Sql-server – When should indexes be dropped and recreated

data-warehousesql serversql-server-2008

We are constructing a data warehouse that initially will be 1 TB and will grow around 20gigs every month.

For certain tables we are doing daily ETL processes and others we are doing weekly/monthly.

When there is a data import going into a table, is it necessary to drop and recreate the indexes?

Is there ever a point to dropping and recreating indexes or are they automatically updated?

The statistics are set to update automatically.

Thank you so much for your help and guidance.

I got this genius script:

SELECT 'ALTER INDEX [' + ix.name + '] ON [' + s.name + '].[' + t.name + '] ' +
       CASE WHEN ps.avg_fragmentation_in_percent > 40 THEN 'REBUILD' ELSE 'REORGANIZE' END +
       CASE WHEN pc.partition_count > 1 THEN ' PARTITION = ' + cast(ps.partition_number as nvarchar(max)) ELSE '' END
FROM   sys.indexes AS ix INNER JOIN sys.tables t
           ON t.object_id = ix.object_id
       INNER JOIN sys.schemas s
           ON t.schema_id = s.schema_id
       INNER JOIN (SELECT object_id, index_id, avg_fragmentation_in_percent, partition_number
                   FROM sys.dm_db_index_physical_stats (DB_ID(), NULL, NULL, NULL, NULL)) ps
           ON t.object_id = ps.object_id AND ix.index_id = ps.index_id
       INNER JOIN (SELECT object_id, index_id, COUNT(DISTINCT partition_number) AS partition_count
                   FROM sys.partitions
                   GROUP BY object_id, index_id) pc
           ON t.object_id = pc.object_id AND ix.index_id = pc.index_id
WHERE  ps.avg_fragmentation_in_percent > 10 AND
       ix.name IS NOT NULL

from here:

http://weblogs.asp.net/okloeten/archive/2009/01/05/6819737.aspx

Do you suggest I run this script daily and based on the findings run the generated code?

Best Answer

If this is cyclical ETL, and you are in a development (i.e. NOT LIVE) data environment, then you definitely should manage your indexes as a part of your load cycle.

I do this for several data sets every month, the largest of which adds around 100 GB monthly to a 5 TB data set.

I have done extensive testing, and from my own experience the most efficient way to load with regard to indexes is:

  1. DISABLE non-clustered indexes, leaving clustered index intact
  2. Perform load of raw into your data table
  3. REBUILD NC indexes

If you only add rows periodically as part of managed ETL, this is the way to go. This also ensures all your statistics are up to date.

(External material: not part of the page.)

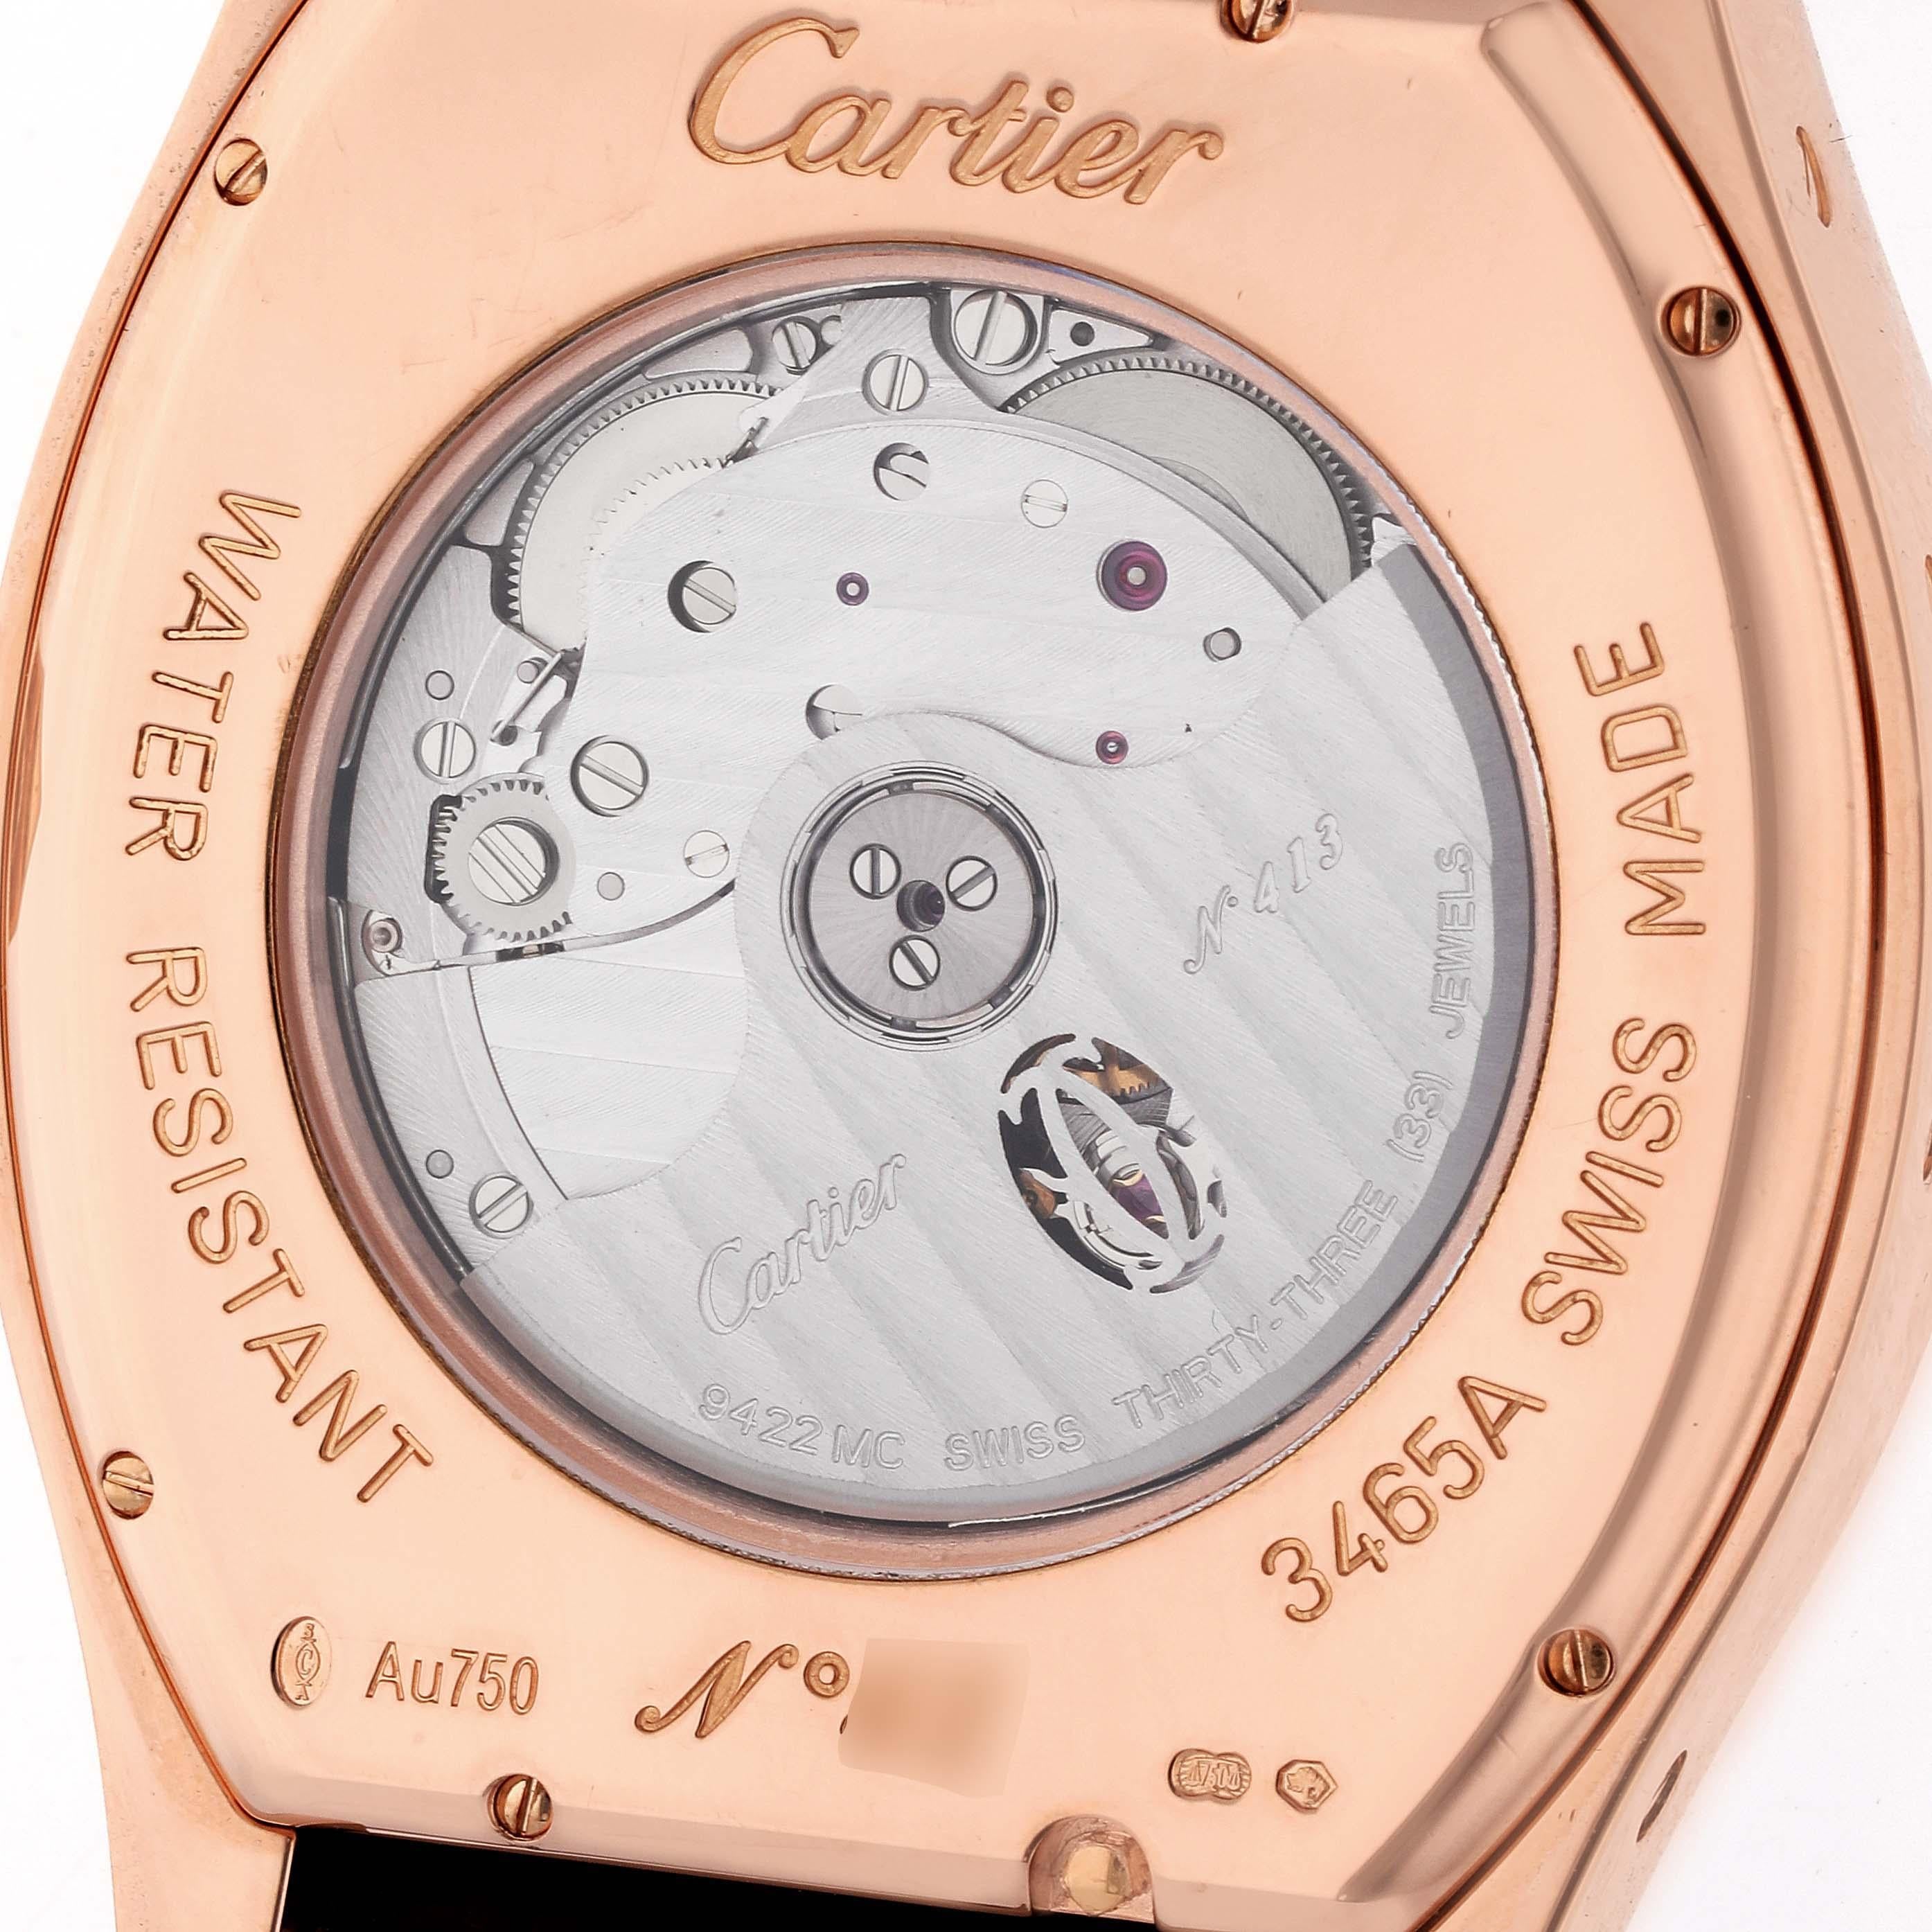 Cartier Tortue Perpetual Calendar Automatic Rose Gold Mens Watch W1580045 For Sale 3

For stats, it's important to note that adding 20GB to a 1TB database won't reach the tipping point for a stats auto-update, so you can add a whole month of data without ever updating statistics.

Rebuilding your NC indexes is a good way around this. You may want to also do a clustered index rebuild periodically if fragmentation gets high (depending on your table structure and your clustered key).